What the task asks: Leaving the pictures aside, return the listing exactly as it appears.

Supplied data:
-=-=-=-=-

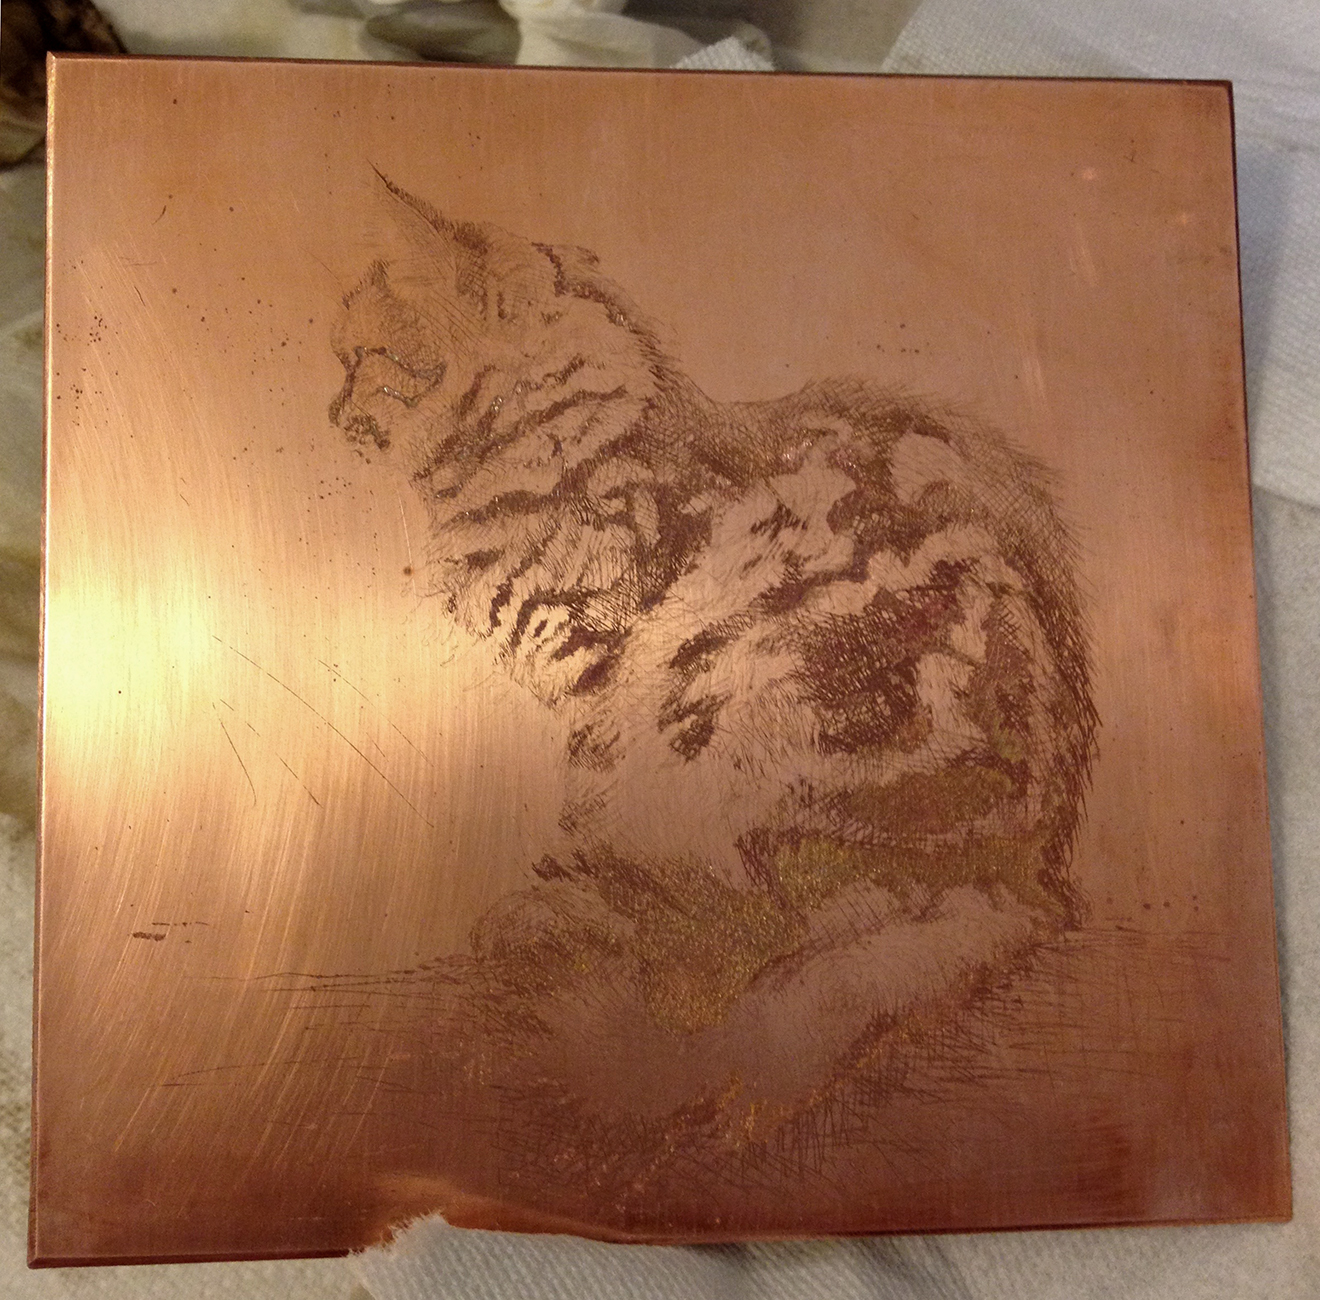 How to Paint on Copper  Preparing Copper Plate by Candice Bohannon
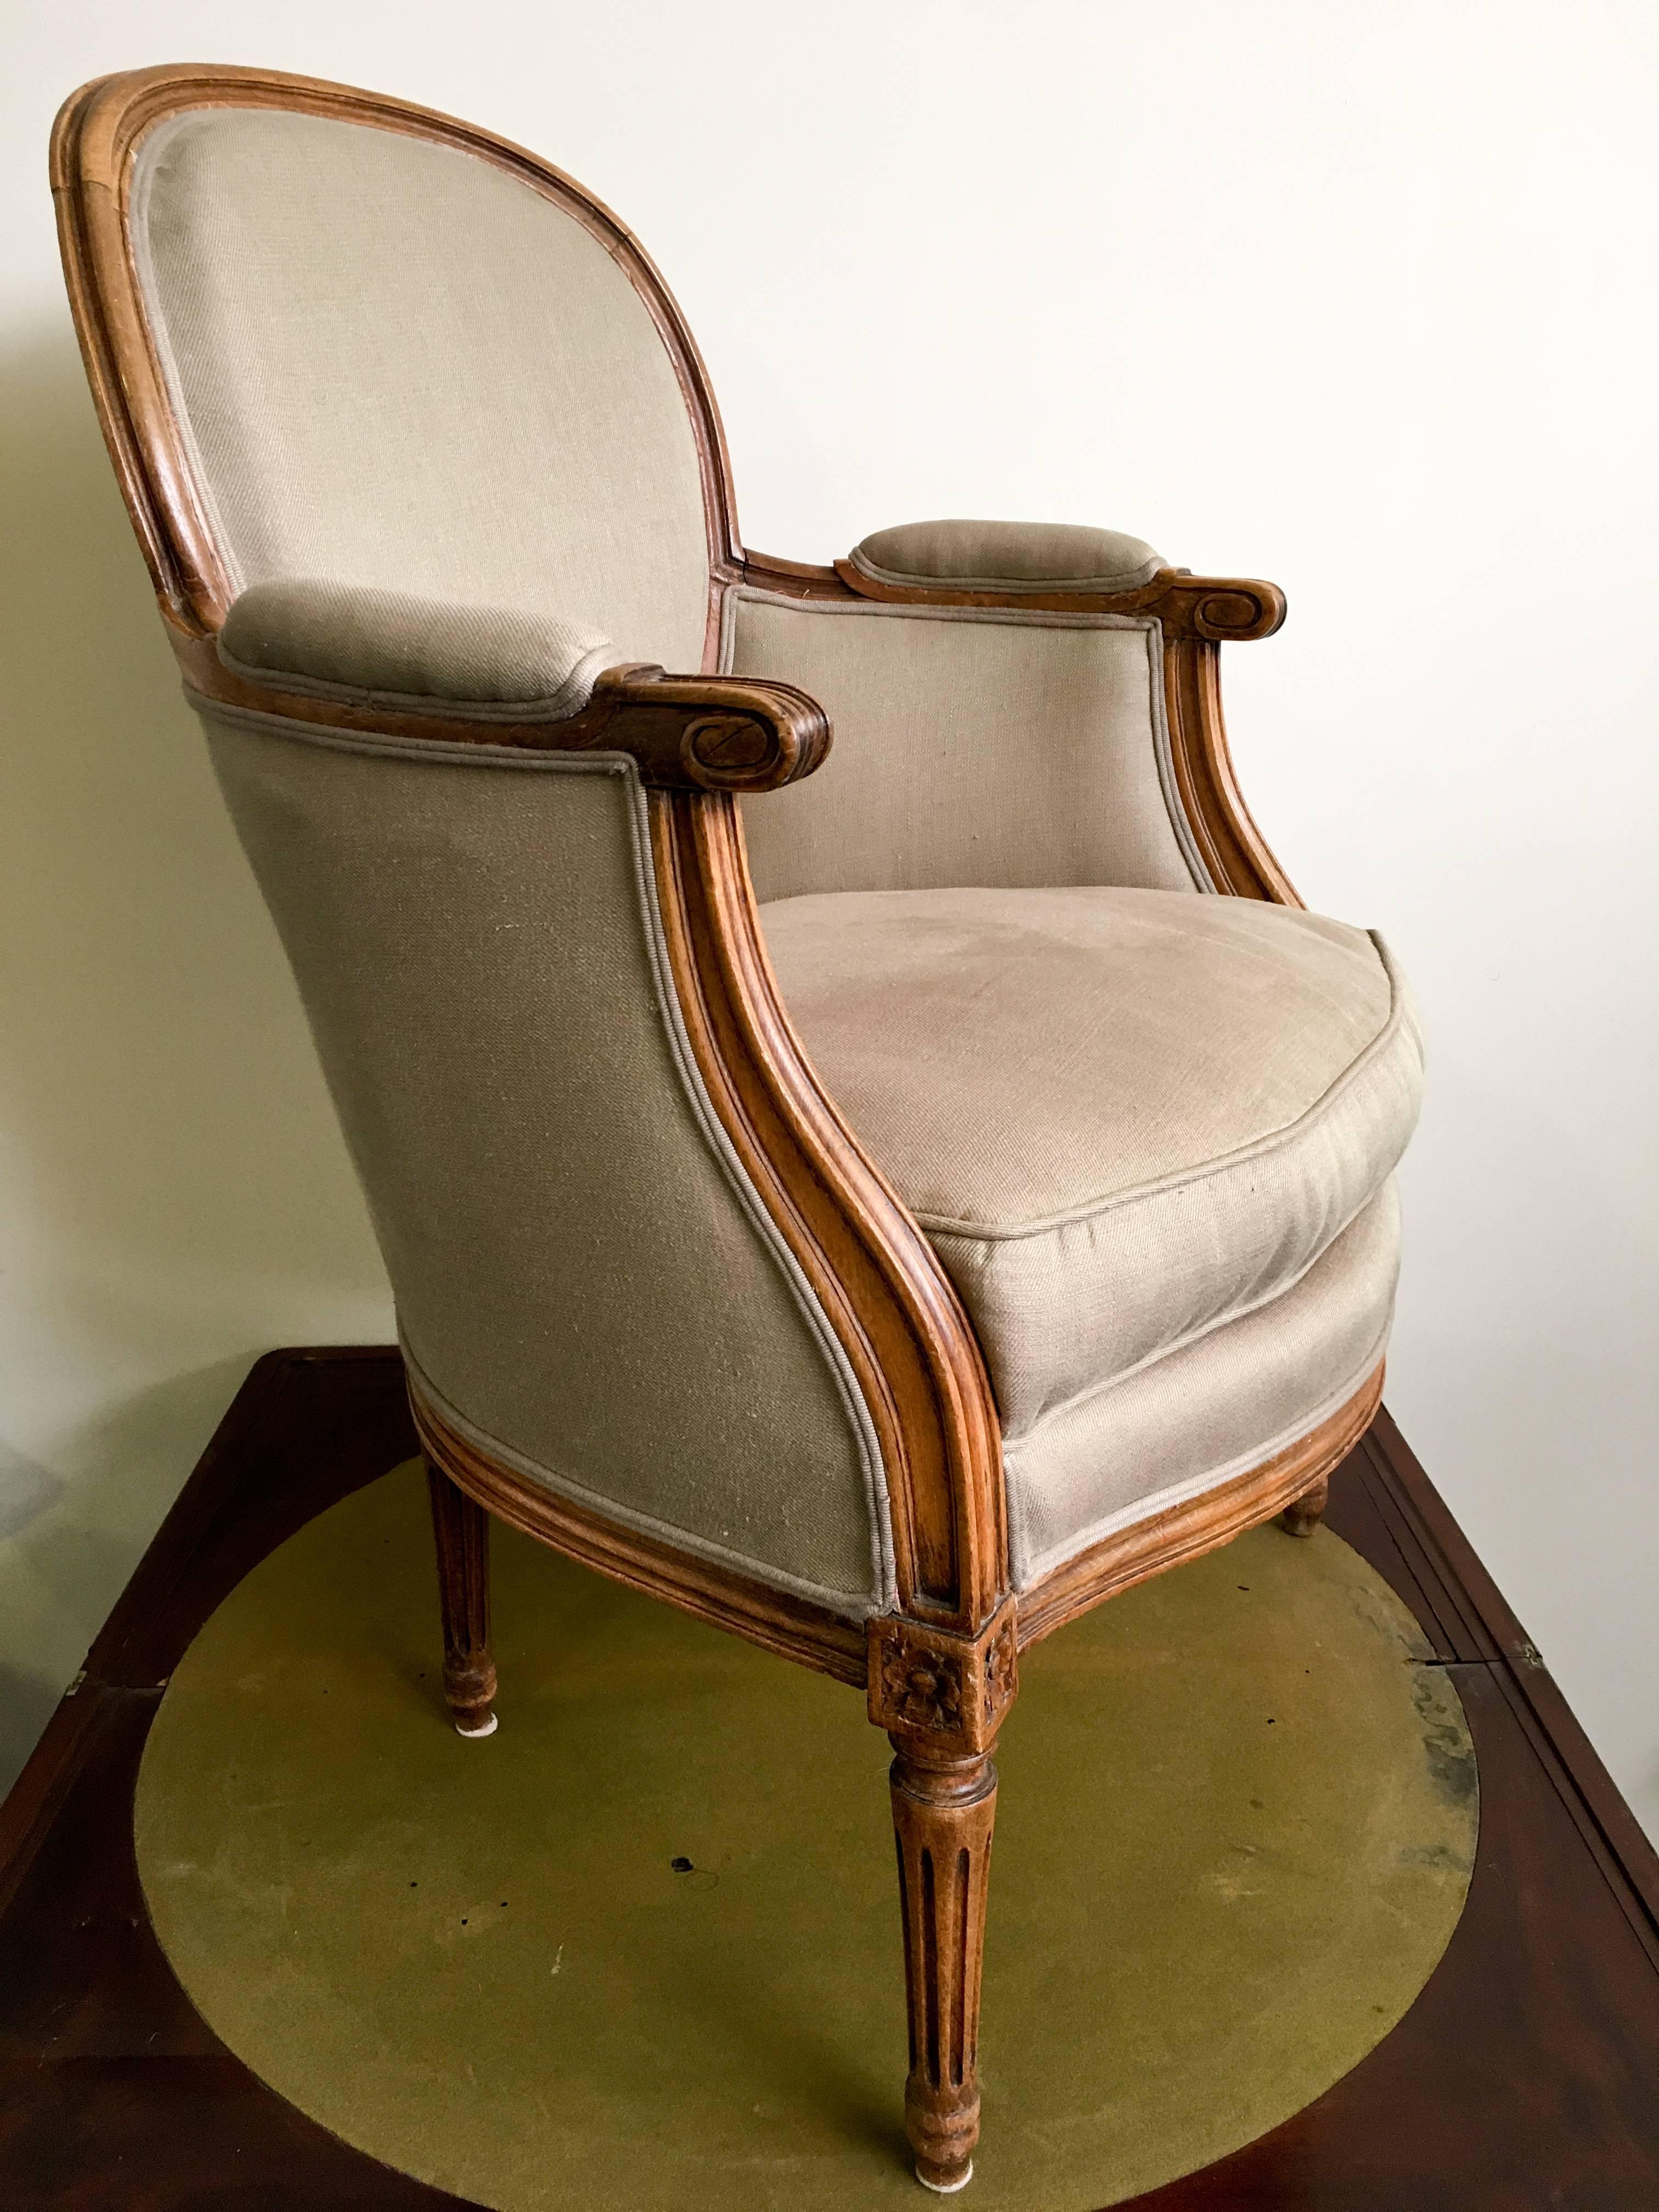 Elegant pair of antique armchairs from France, circa 1880. These chairs are made of solid walnut with curved legs and back and have been reupholstered with a beige linen fabric. Very confortable and cozy. Perfect condition.
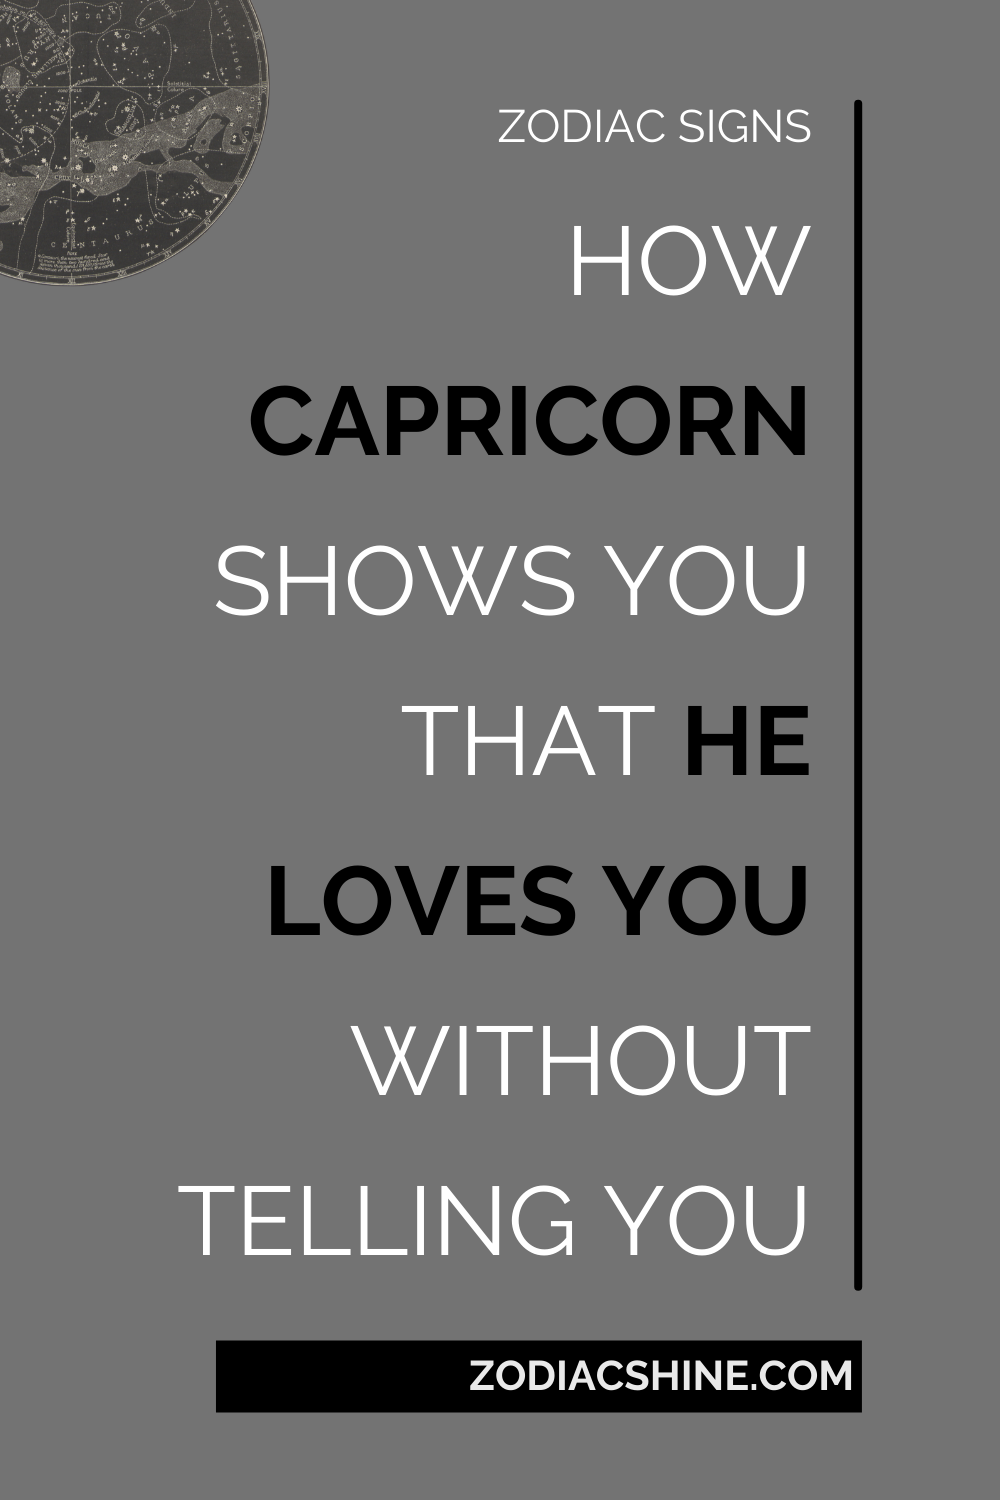 How Capricorn Shows You That He Loves You Without Telling You

-=-=-=-=-

Task result:
 How to Paint on Copper  Preparing Copper Plate by Candice Bohannon
 Elegant pair of antique armchairs from France, circa 1880. These chairs are made of solid walnut with curved legs and back and have been reupholstered with a beige linen fabric. Very confortable and cozy. Perfect condition.
 How Capricorn Shows You That He Loves You Without Telling You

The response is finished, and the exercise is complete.